About this task =>
In your copy, leave out the pictures and reproduce the listing below exactly.

Data segment =>
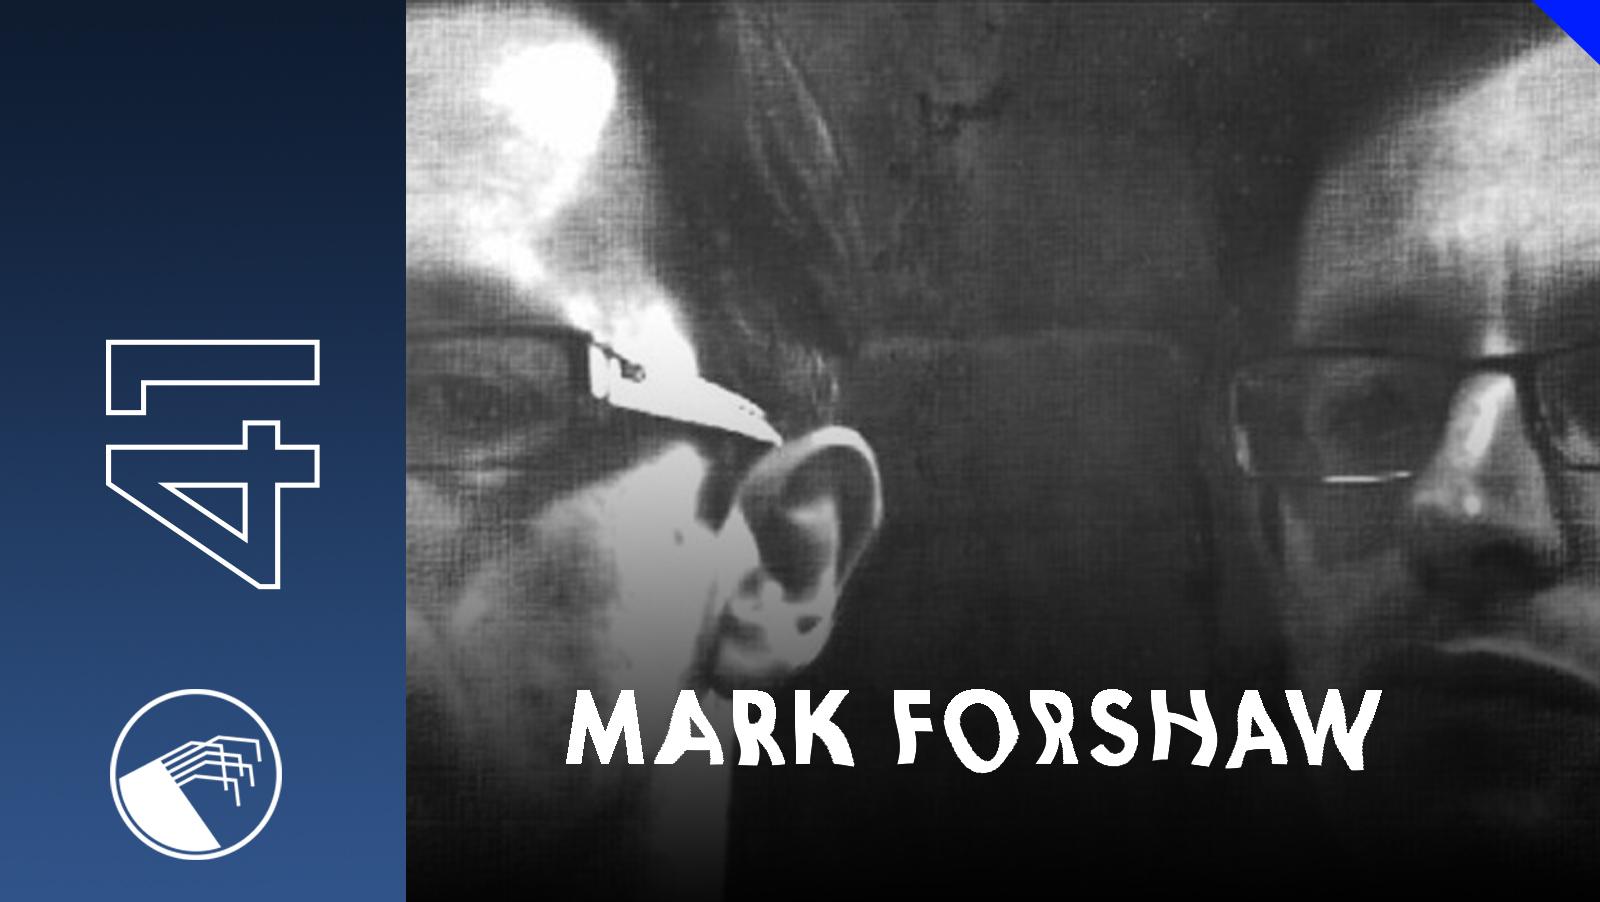 041 Mark Forshaw
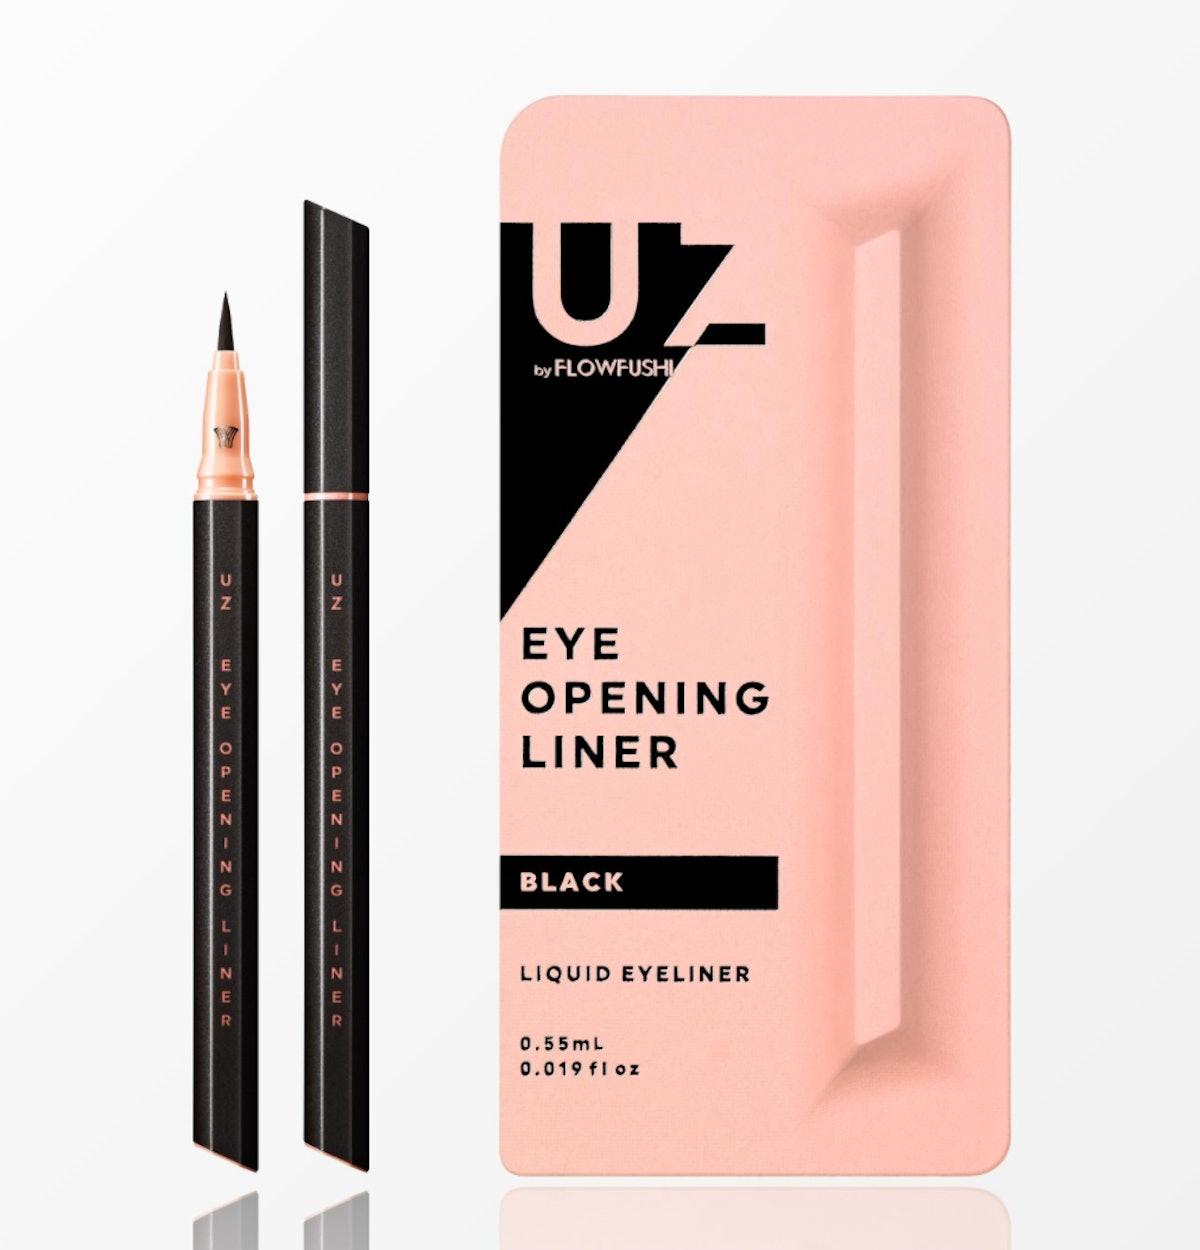 Eye Opening Liner
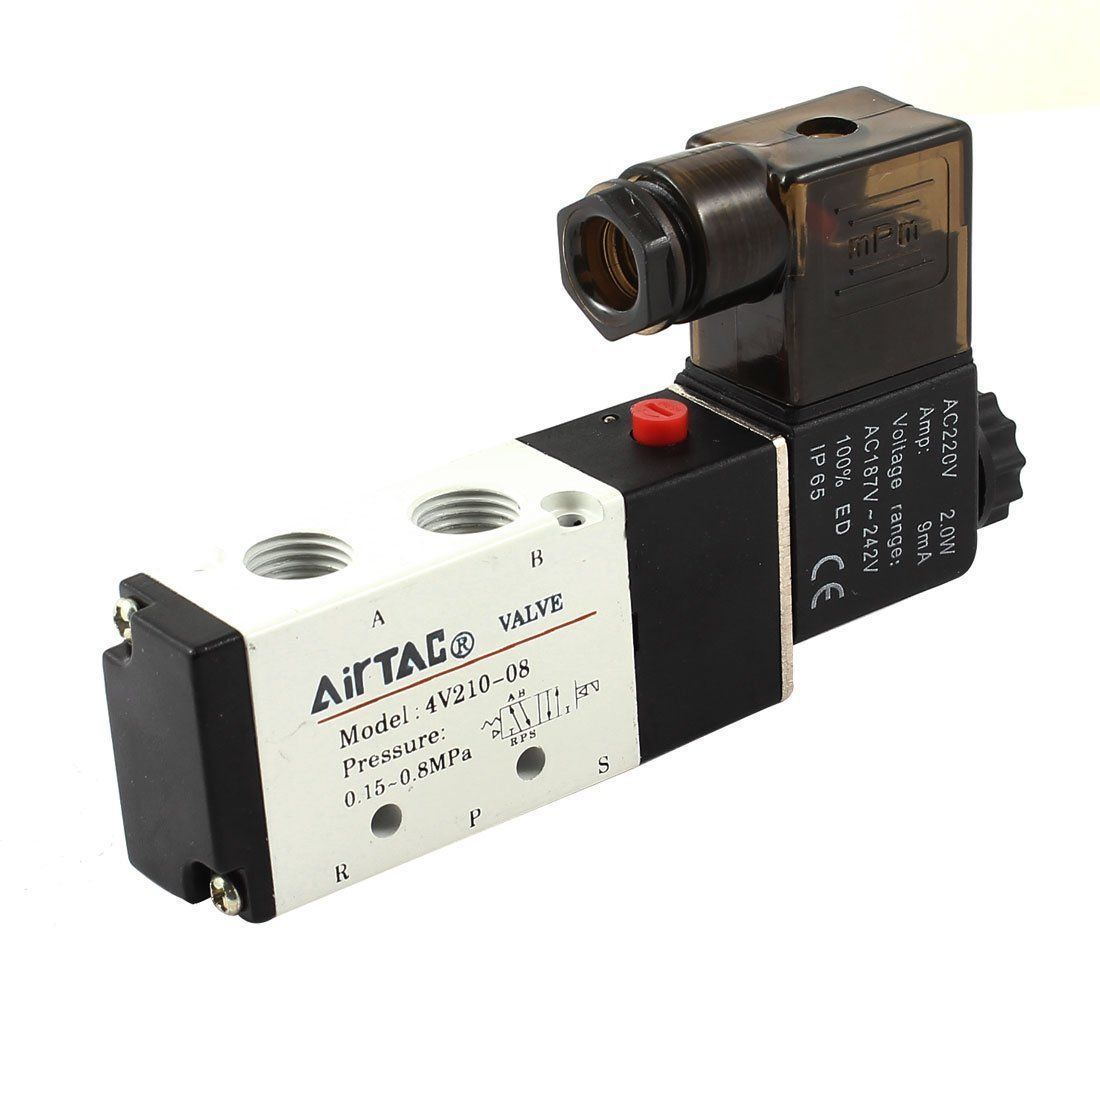 4v210 08 dc24v air valve 5 port 4 way 2 position solenoid for Air motors and drives llc
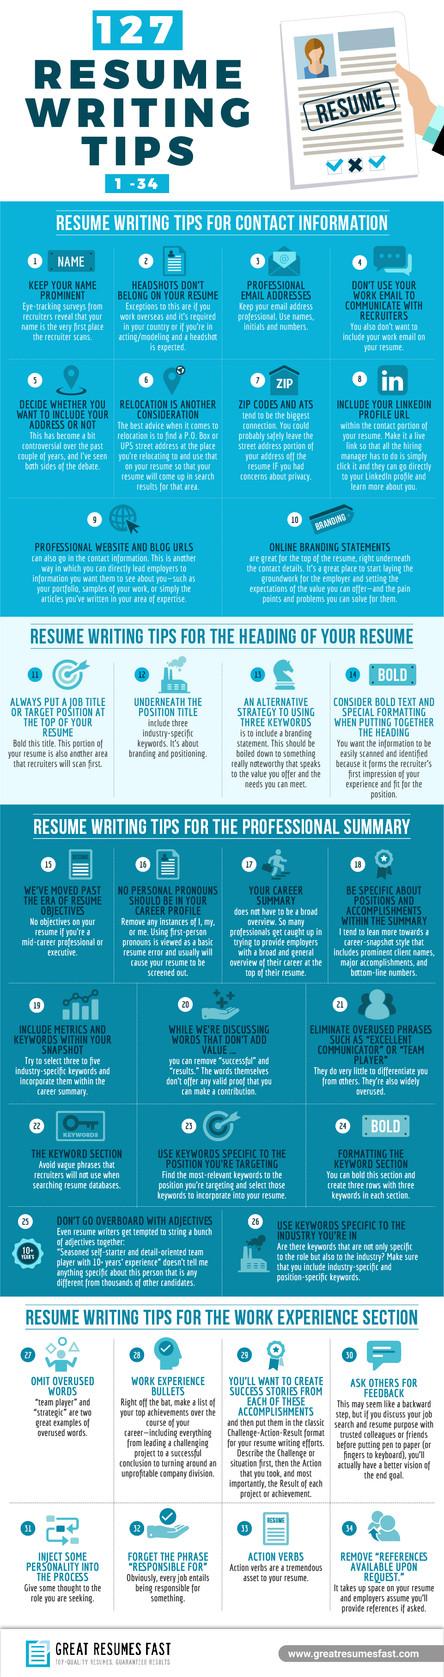 127 Resume Writing Tips

Response to the task =>
 041 Mark Forshaw
 Eye Opening Liner
 4v210 08 dc24v air valve 5 port 4 way 2 position solenoid for Air motors and drives llc
 127 Resume Writing Tips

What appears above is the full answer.